= Try it =
Copy the listing exactly; drop the pictures.

= Data shown =

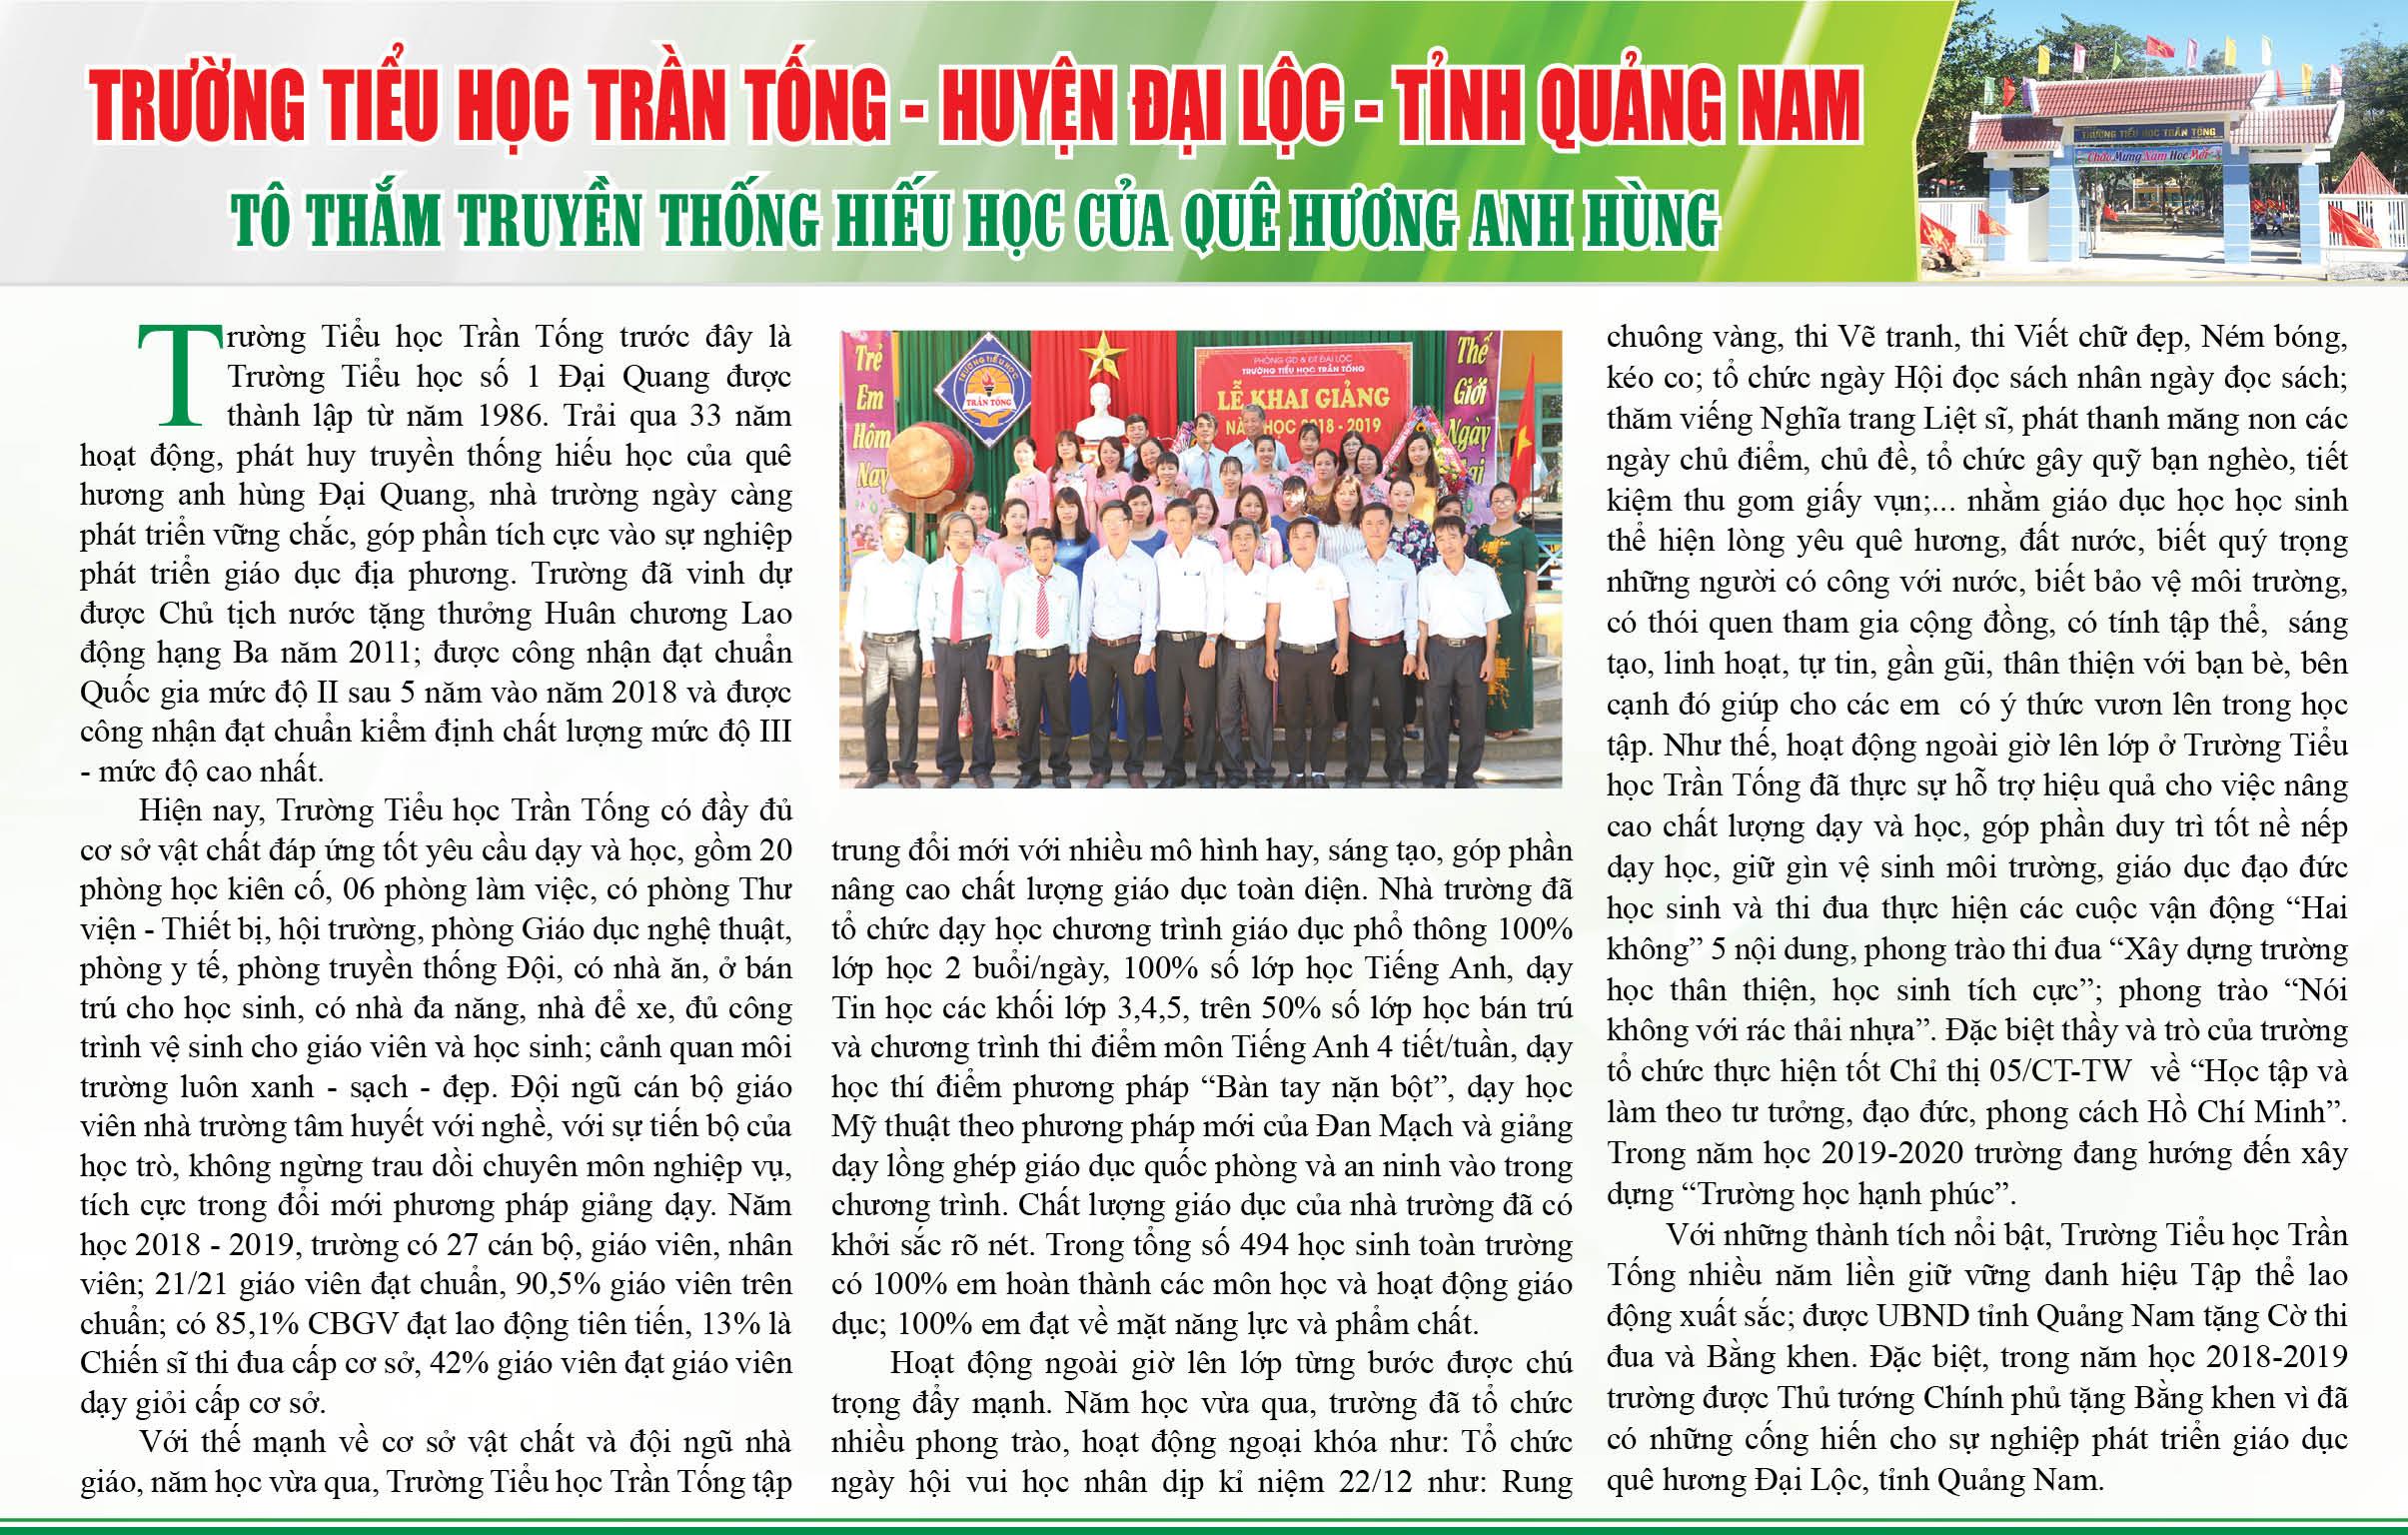 Trường Tiểu học Trần Tống, Tỉnh Quảng Nam
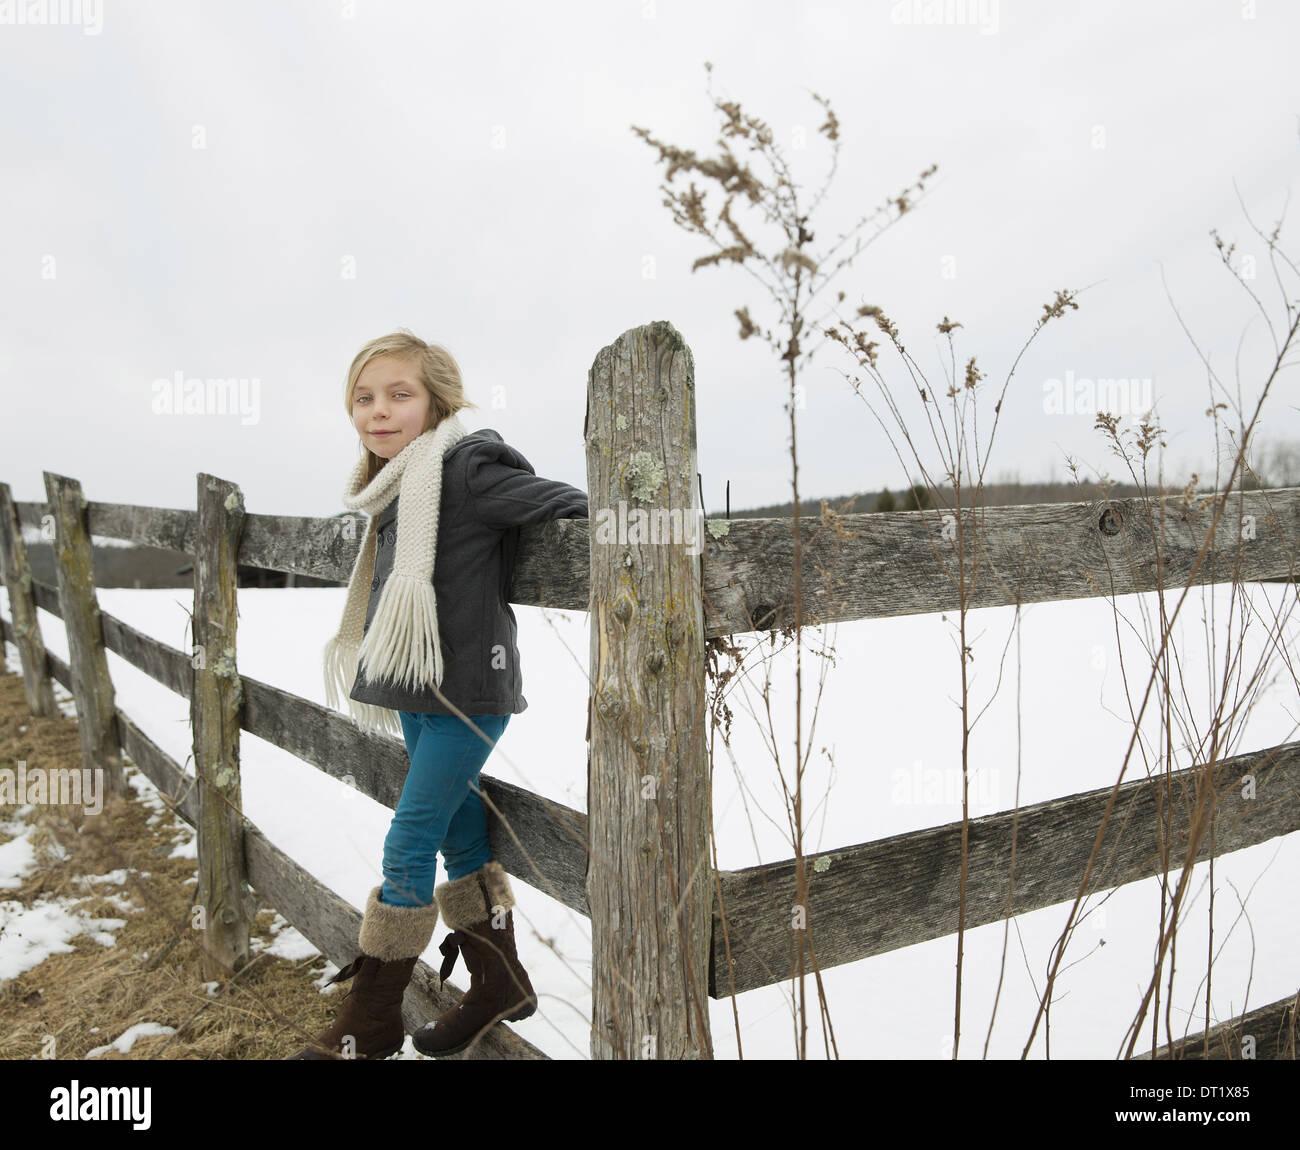 Un agriturismo nella neve una ragazza con un cappello e una sciarpa e stivali appoggiato su di una recinzione Immagini Stock
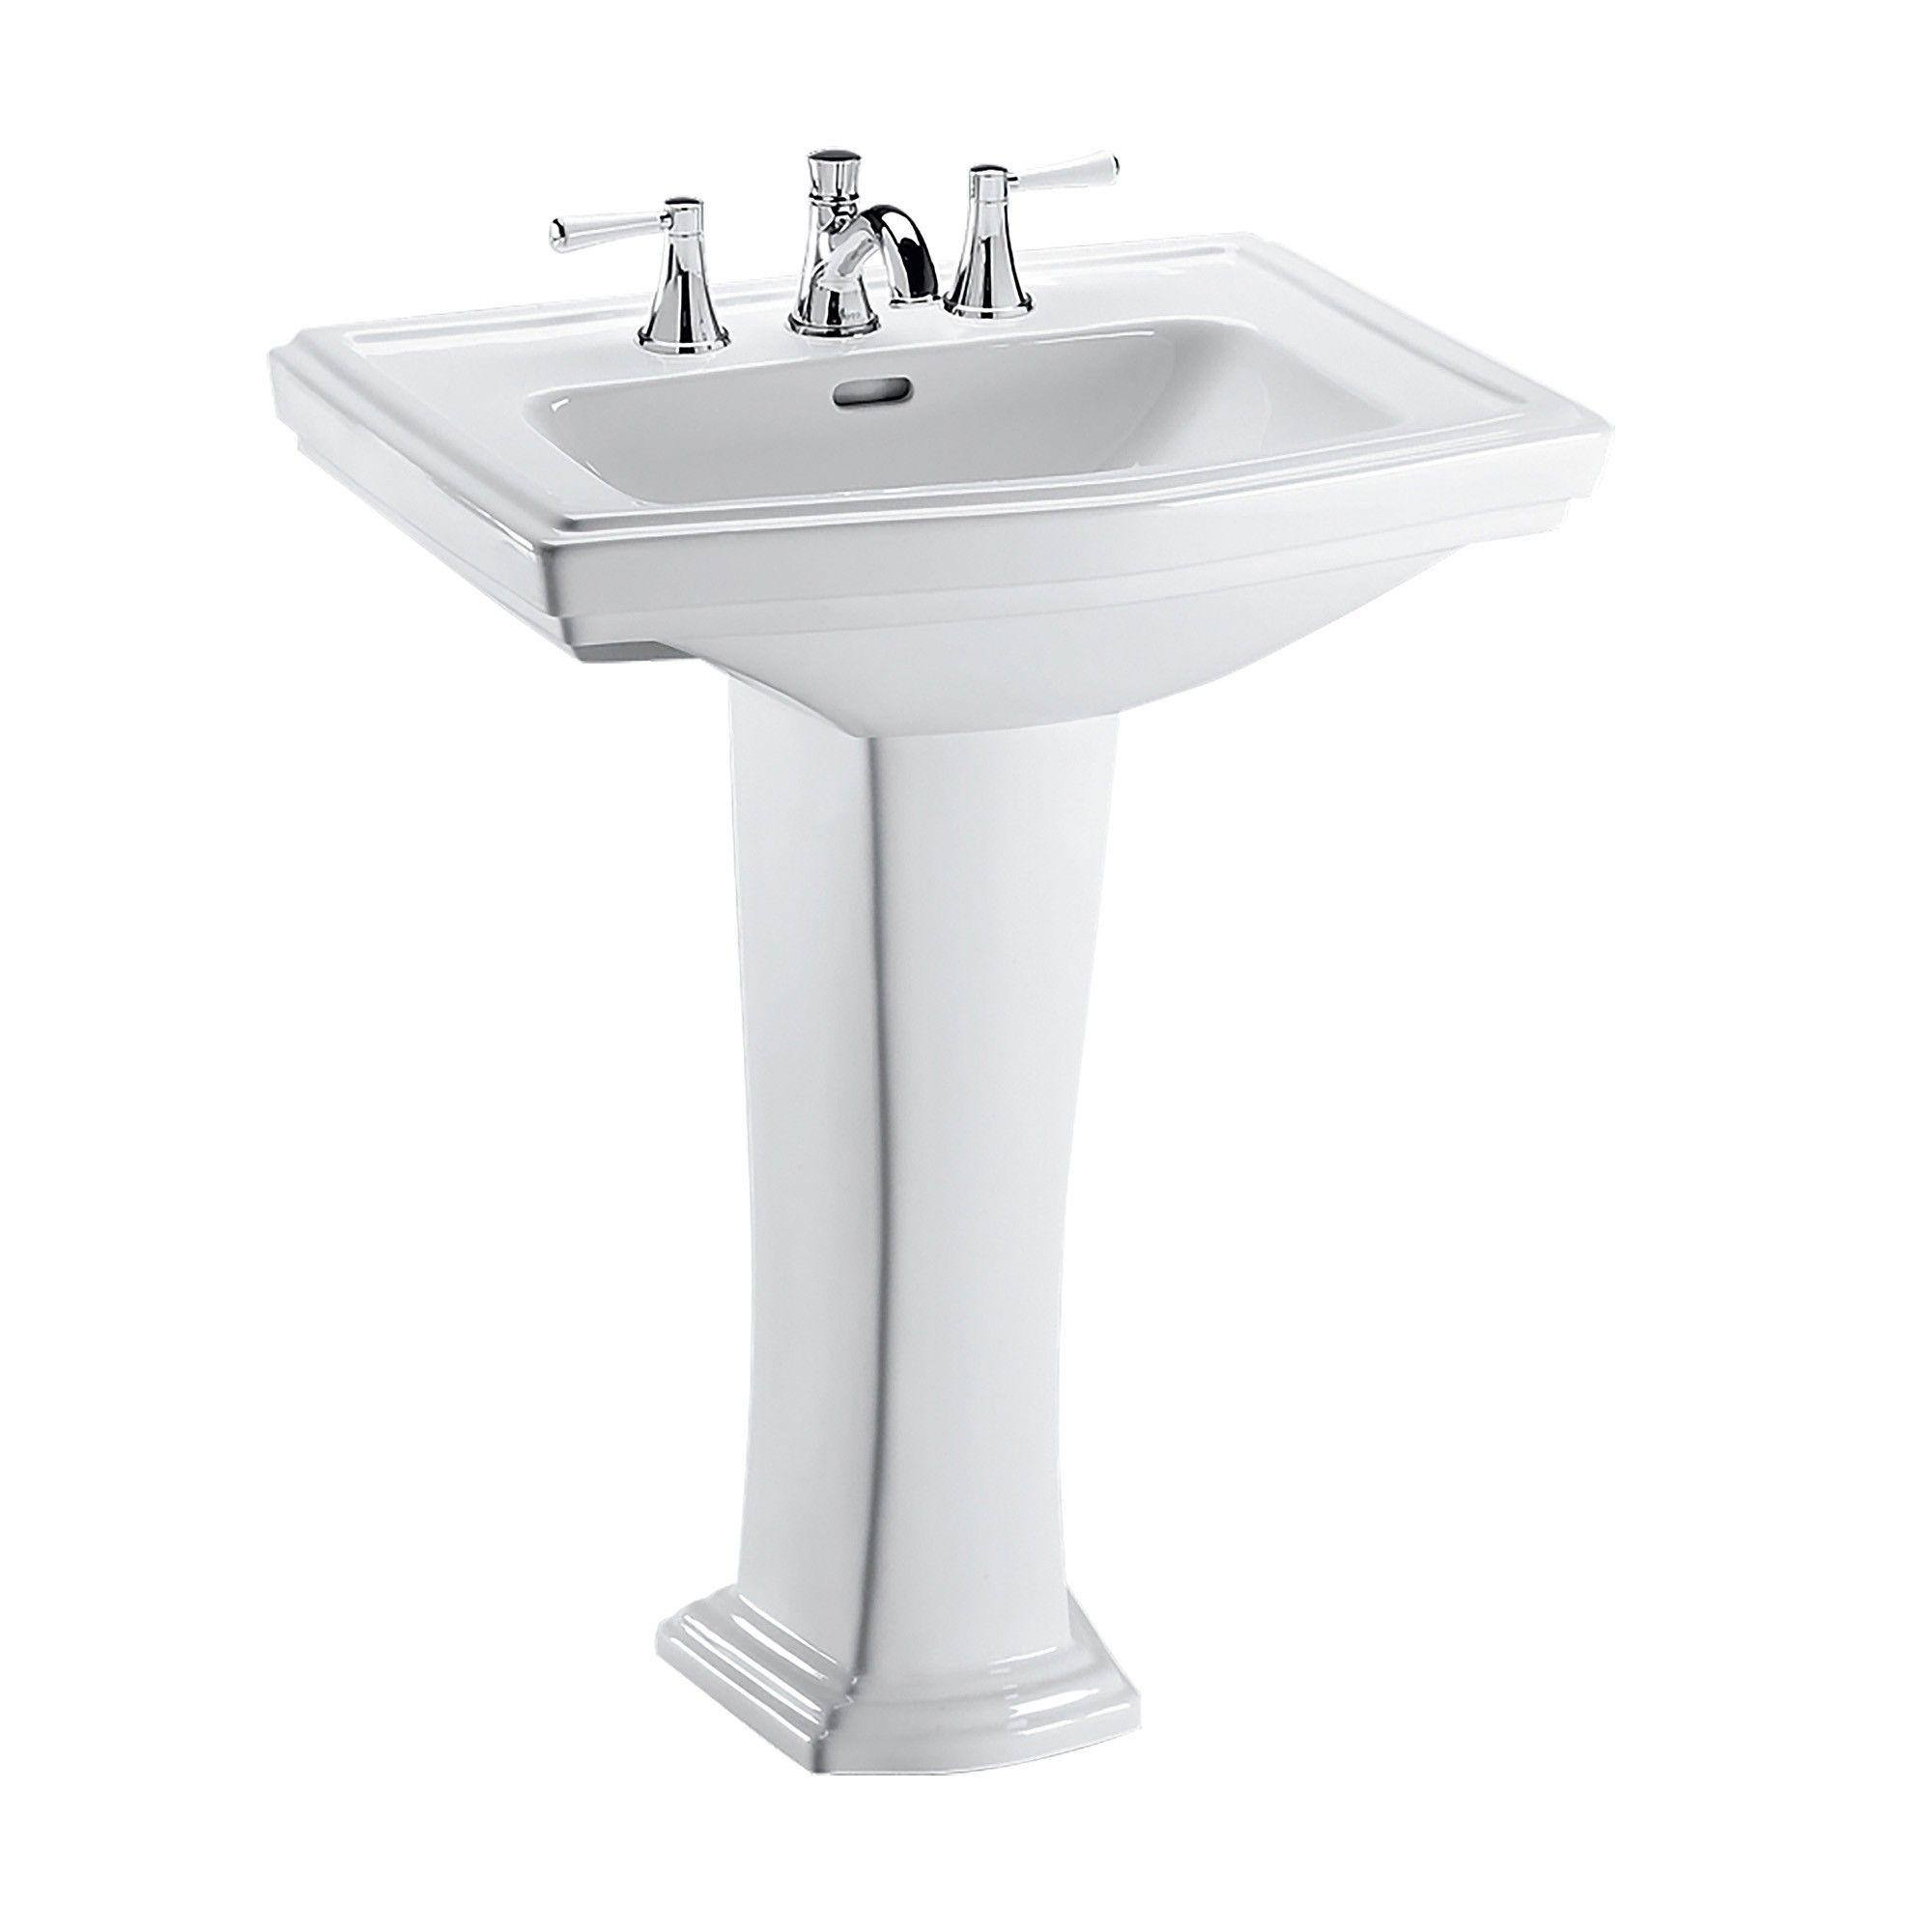 Toto Clayton Rectangular Pedestal Bathroom Sink For 8 Inch Center

= Written answer =
 Trường Tiểu học Trần Tống, Tỉnh Quảng Nam
 Un agriturismo nella neve una ragazza con un cappello e una sciarpa e stivali appoggiato su di una recinzione Immagini Stock
 Toto Clayton Rectangular Pedestal Bathroom Sink For 8 Inch Center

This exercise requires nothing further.